Now, us-them contrasts, while sharply defined as contrasts, tend to be somewhat flexible in their uses. In Pally's Chapter Seven: "White Evangelicals and Minorities: 'God Was the Original Segregationist'" (pp. 94-102) in her 2022 book, she says, "Historically and today, white evangelical wariness has identified not only African-Americans as 'outsiders' [i.e., as outside their in-group], but the longstanding 'other' of refugees and new immigrants [in the United States]. In the nineteenth century, these included the Irish and other Catholics, the Chinese, those from southern and eastern Europe, Jews, Japanese, and Mexicans. In the twentieth and twenty-first centuries, the focus has been on those from Latin America, Asia, and Muslim-dominated countries. Starting with the 1990 Gulf War, the identification of Islam (rather than Islamist extremism) as an agent of terrorism appeared in the preaching and politics of white evangelical leaders such as James Dobson, Oliver North, and Ted Haggard, founder of the influential New Life Church in Colorado Springs" (p. 98).
Now, in Pally's Chapter Eight: "White Evangelicals Not in the Ranks of the Right" in her 2022 book, she says, "At the time of the January 6, 2021 assault on the Capitol, Ed Stetzer, professor at the Christian Wheaton College, condemned the riot and called for an evangelical 'reckoning': 'How did we get here? . . . A big part of this evangelical reckoning is a lot of people sold out their beliefs'" (p. 105; the ellipsis here is in Pally's text; Pally is quoting what Stetzer said in Rachel Martin's National Public Radio broadcast on January 13, 2021, titled "How Did We Get Here? A Call for an Evangelical Reckoning on Trump"). Pally borrows Stetzer's question as the subtitle of her 2022 book.
Now, because the us-them contrast that characterizes Trump's rhetoric tends to be used universally in American politics, I want to step back from American politics and discuss us-them contrasts in broader terms.
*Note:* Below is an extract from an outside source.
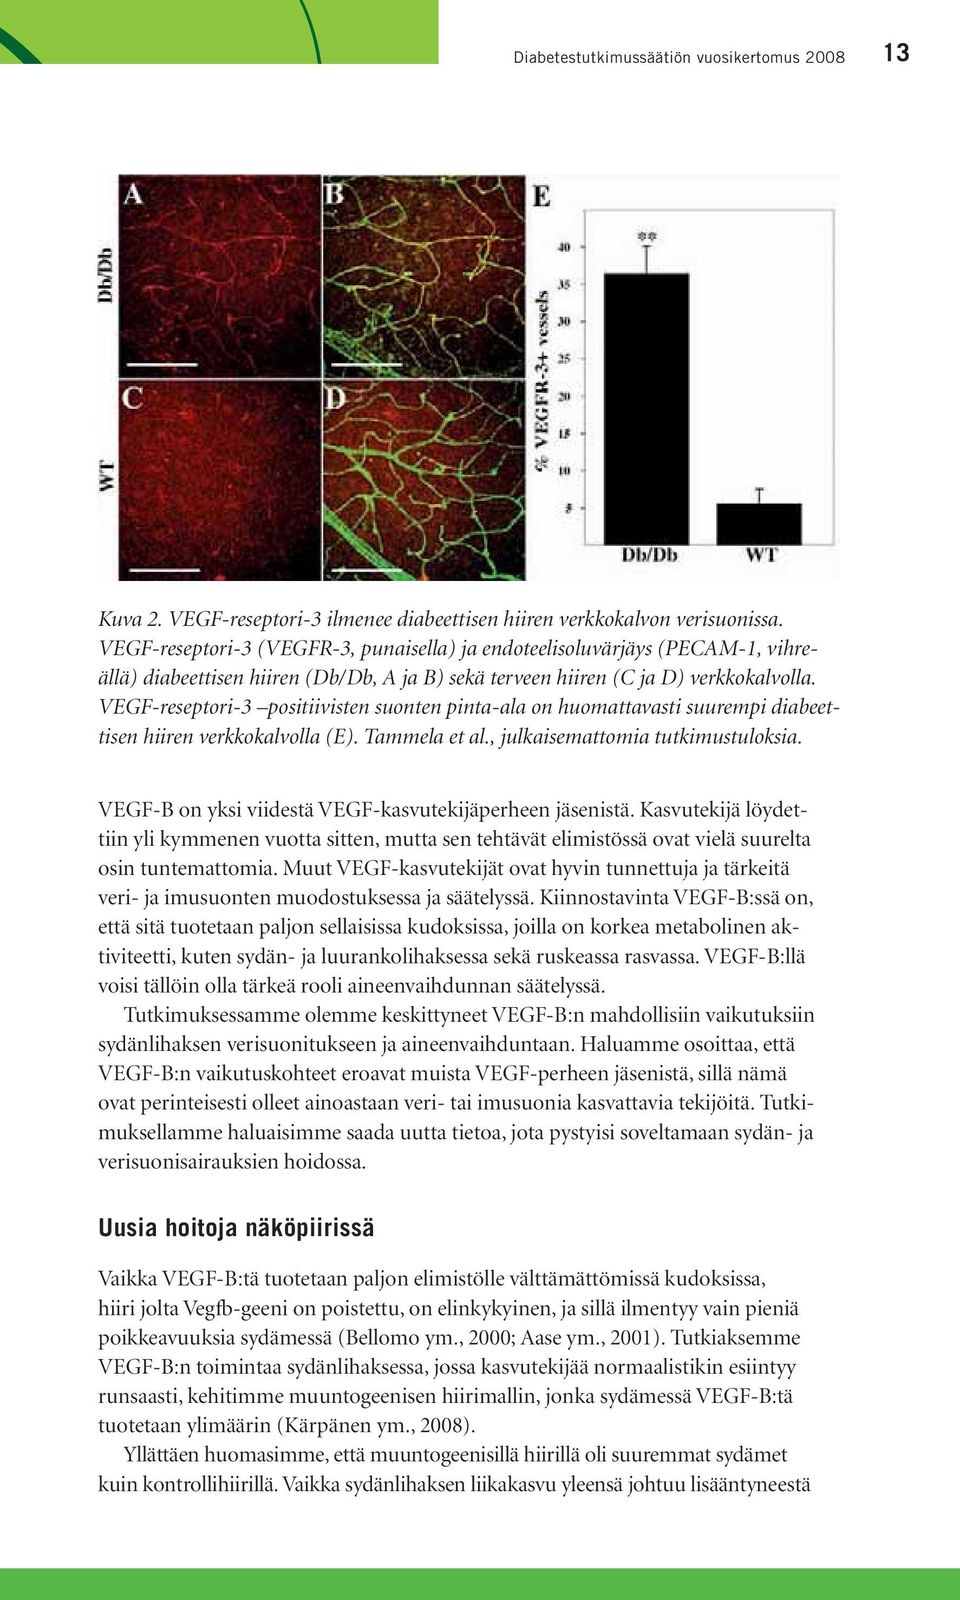 VEGF-reseptori-3 positiivisten suonten pinta-ala on huomattavasti suurempi diabeettisen hiiren verkkokalvolla (E). Tammela et al., julkaisemattomia tutkimustuloksia.
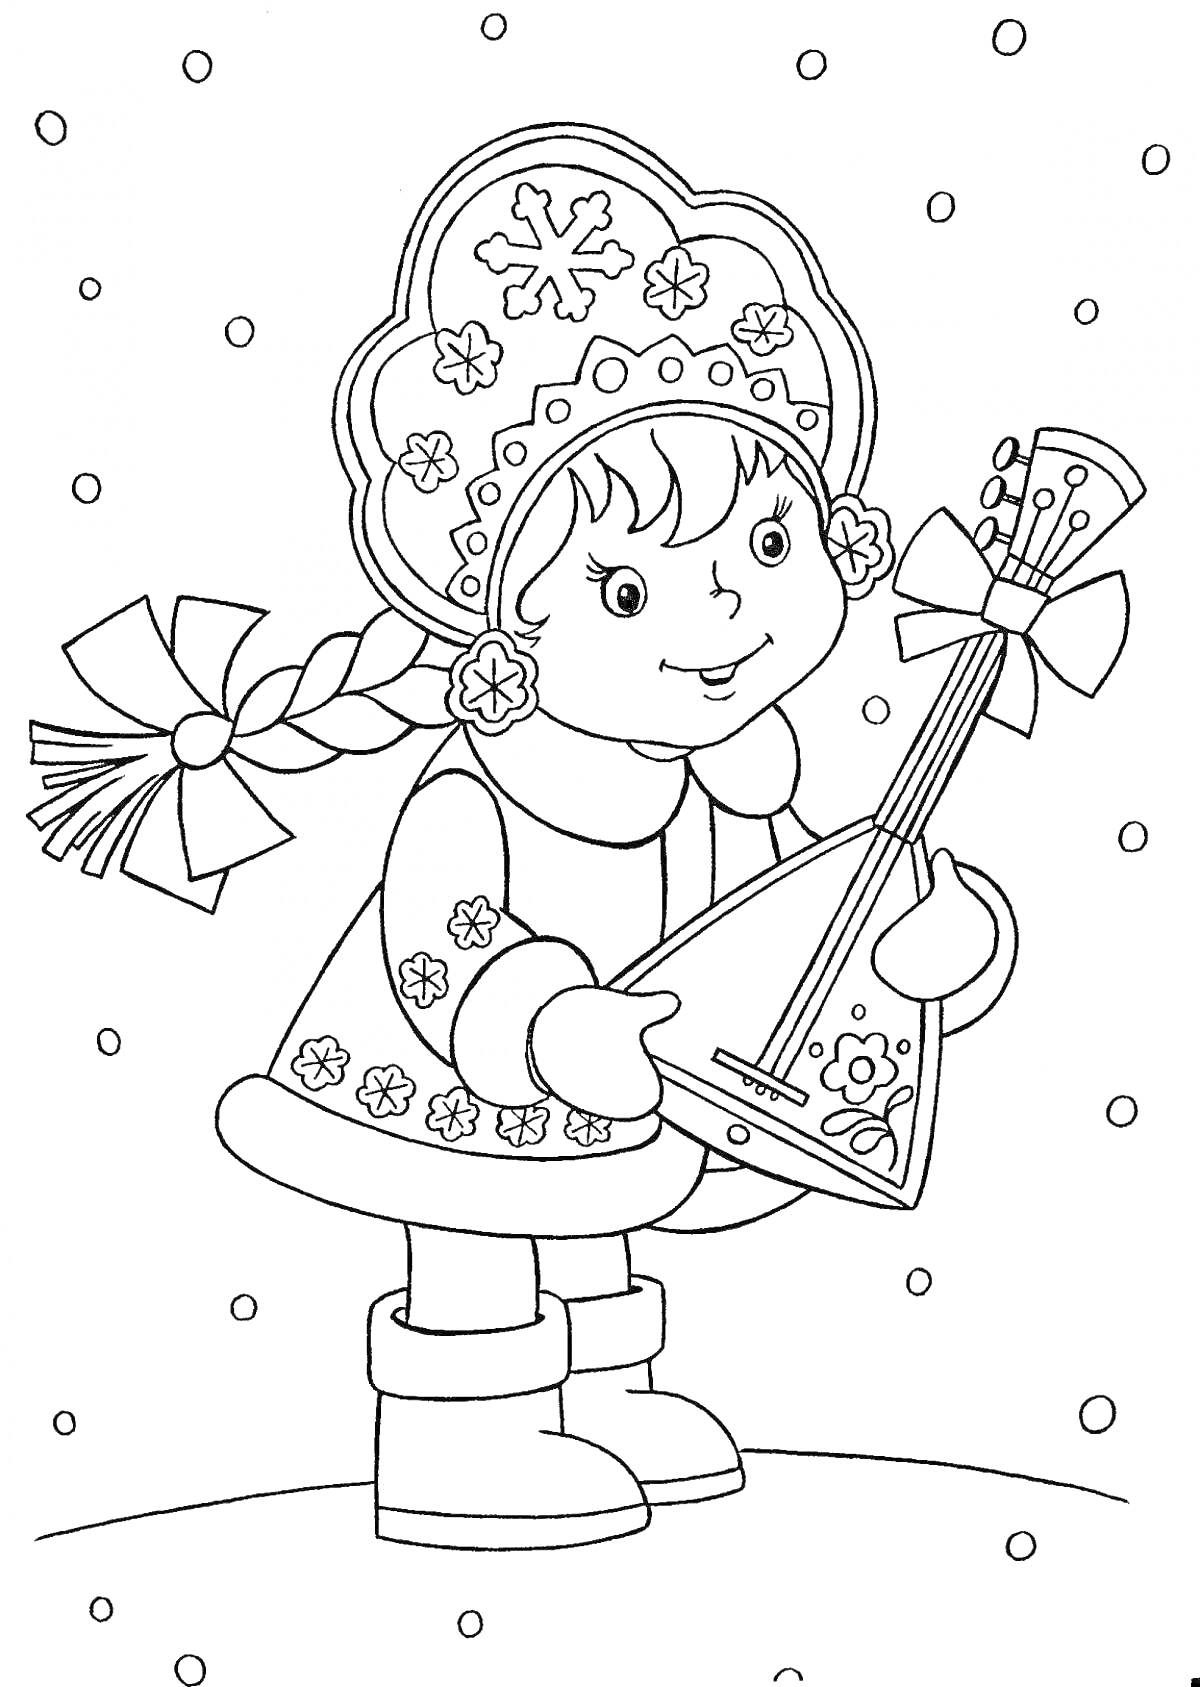 Девочка в зимней одежде со снегом и балалайкой

In the book Varieties of Transcendental Experience: A Study in Constructive Postmodernism (A Michael Glazer Book/ Liturgical Press, 2000), the American Jesuit theologian Donald L. Gelpi (1934-2011; Ph. D. in philosophy, Fordham University, 1970) contrasts the either/or dialectical imagination of American Protestantism with the both/and spirit of Roman Catholicism. Whatever else may be said about the both/and spirit of Roman Catholicism, the both/and spirit clearly would not lend itself for use by those in American politics today.
However, in Gelpi's extensive characterization of the either/or dialectical imagination (pp. 82, 132, 164, 172, 174, 192, 193, 206, 223, 224, 280, 281, and 282), he does not refer to Harvard's Perry Miller's extensive discussion of the French Renaissance logician and educational reformer and Protestant martyr Peter Ramus (1515-1572) in his massively researched book The New England Mind: The Seventeenth Century (Harvard University Press, 1939; for specific page references to Ramus, see the "Index" [p. 528]). To the best of his ability, Miller (1905-1963) explained Ramus and Ramist logic. However, Miller ended up calling for someone to undertake a more thorough account of Ramus and Ramist logic.
Ramist logic had dominated the curriculum of Harvard College, which was founded in 1636 - and it had also dominated the curriculum at Cambridge University in England. When the 300th anniversary of the founding of Harvard College was approaching, scholars rediscovered Ramus and Ramist logic.